Solvent dynamical effects on relaxation and reaction process were considered in Chapters 13 and 14. These effects are usually associated with small amplitude solvent motions that do not appreciably change its configuration. However, the most important solvent effect is often equilibrium in nature—modifying the free energies of the reactants, products, and transition states, thereby affecting the free energy of activation and sometime even the course of the chemical process. Solvation energies relevant to these modifications can be studied experimentally by calorimetric and spectroscopic methods, and theoretically by methods of equilibrium statistical mechanics. With advances of experimental techniques that made it possible to observe timescales down to the femtosecond regime, the dynamics of solvation itself became accessible and therefore an interesting subject of study. Moreover, we are now able to probe molecular processes that occur on the same timescale as solvation, making it necessary to address solvation as dynamic in addition to energetic phenomenon.

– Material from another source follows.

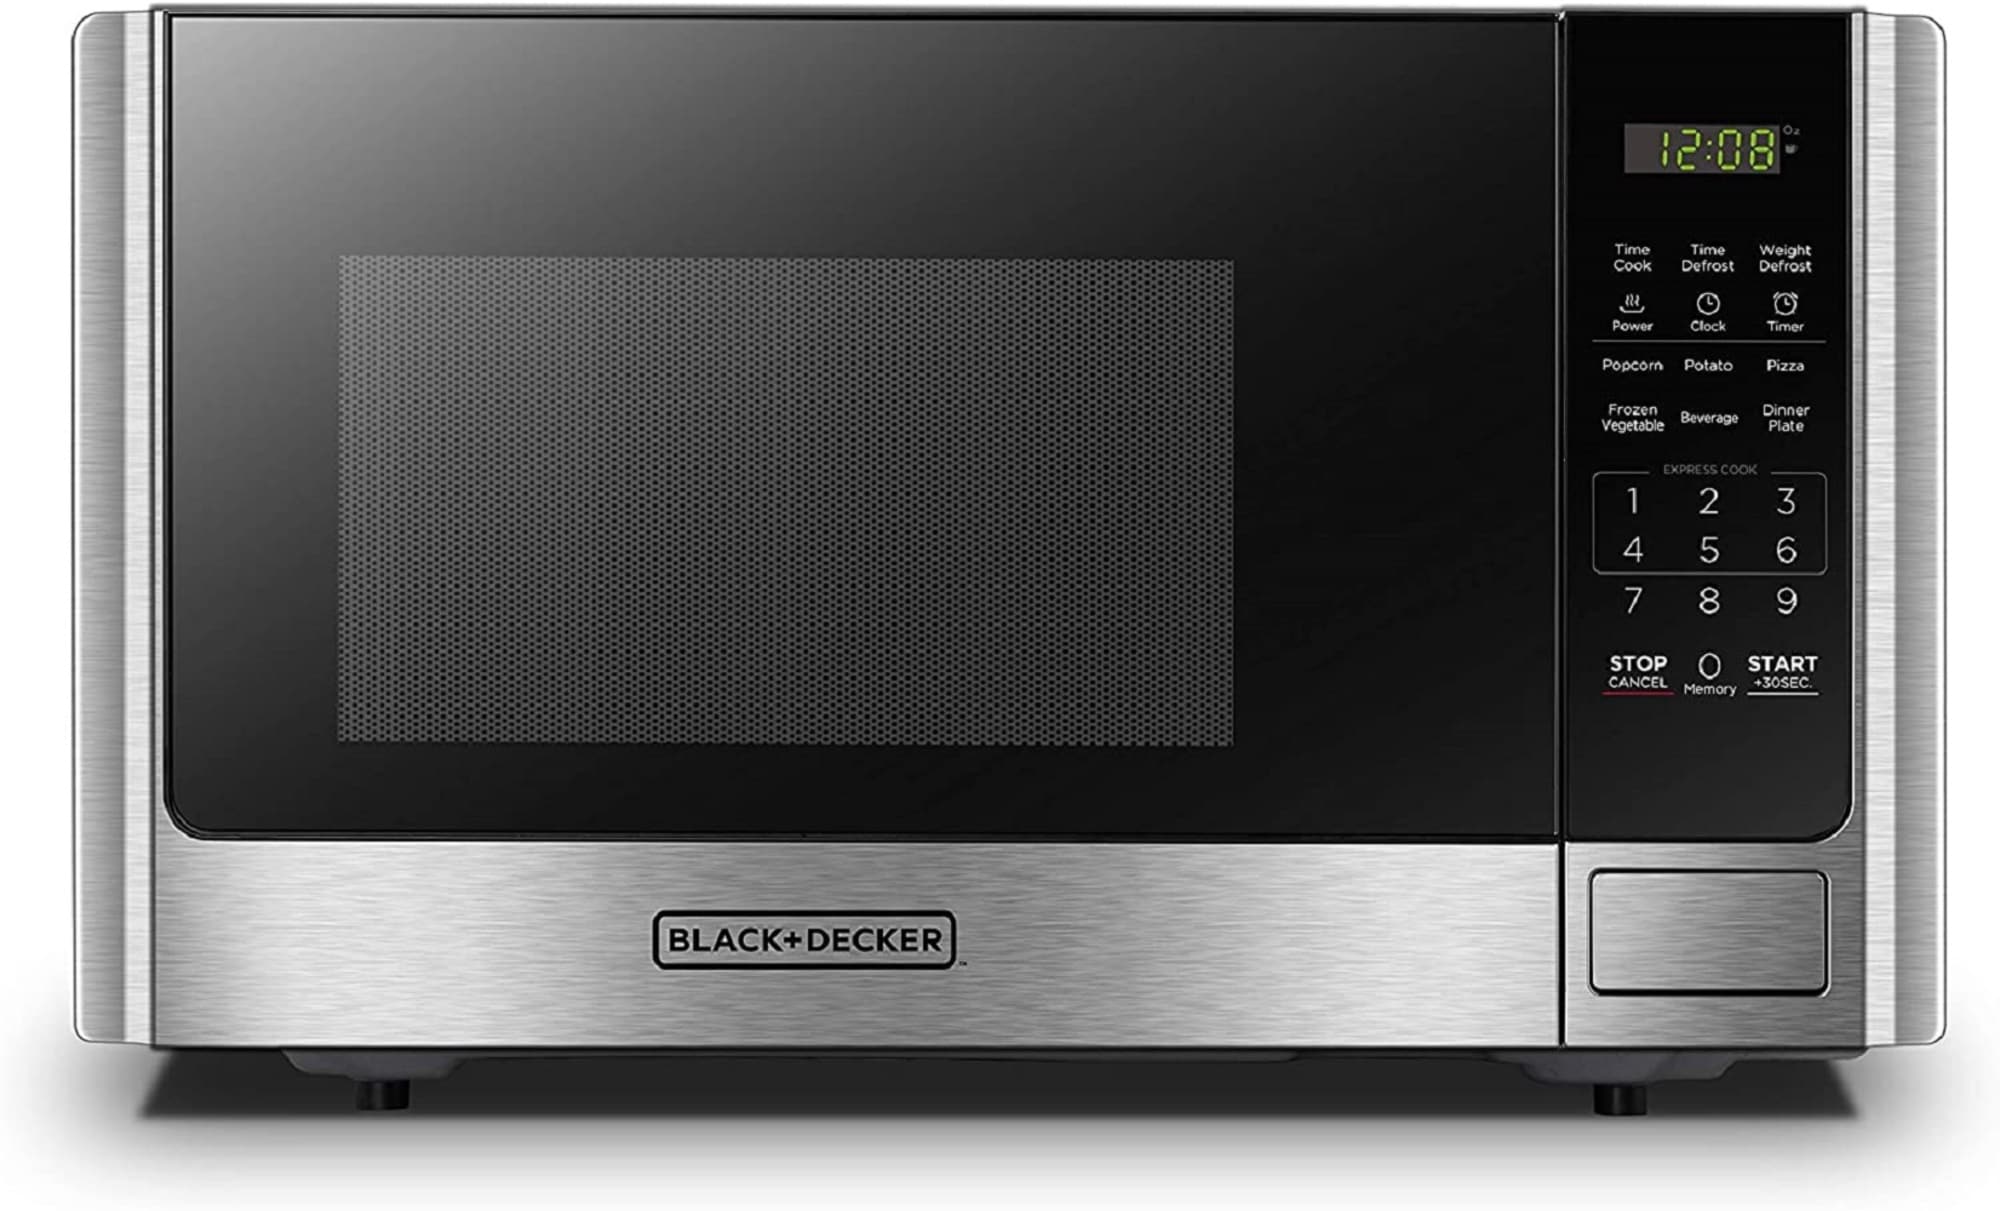 Black + Decker BLACK+DECKER 0.7 Cubic Feet Countertop Microwave

This chapter focuses on the important and most studied subclass of these phenomena—solvation dynamics involving charged and polar solutes in dielectric environments. In addition to their intrinsic importance, these phenomena play a central role in all processes involving molecular charge rearrangement, most profoundly in electron transfer processes that are discussed in the next chapter. Consider, as a particular example, a neutral (q = 0) atomic solute embedded in a dielectric solvent, that undergoes a sudden change of its charge to q = e, where e is the magnitude of the electron charge. This can be achieved, for example, by photoionization. The dipolar solvent molecules respond to this change in the local charge distribution by rotating in order to make their negative end point, on the average, to the just formed positive ion. Thus, the solvent configuration changes in response to the sudden change in a local charge distribution. The driving force for this change is the lowering of overall free energy that accompanies the buildup of solvent polarization.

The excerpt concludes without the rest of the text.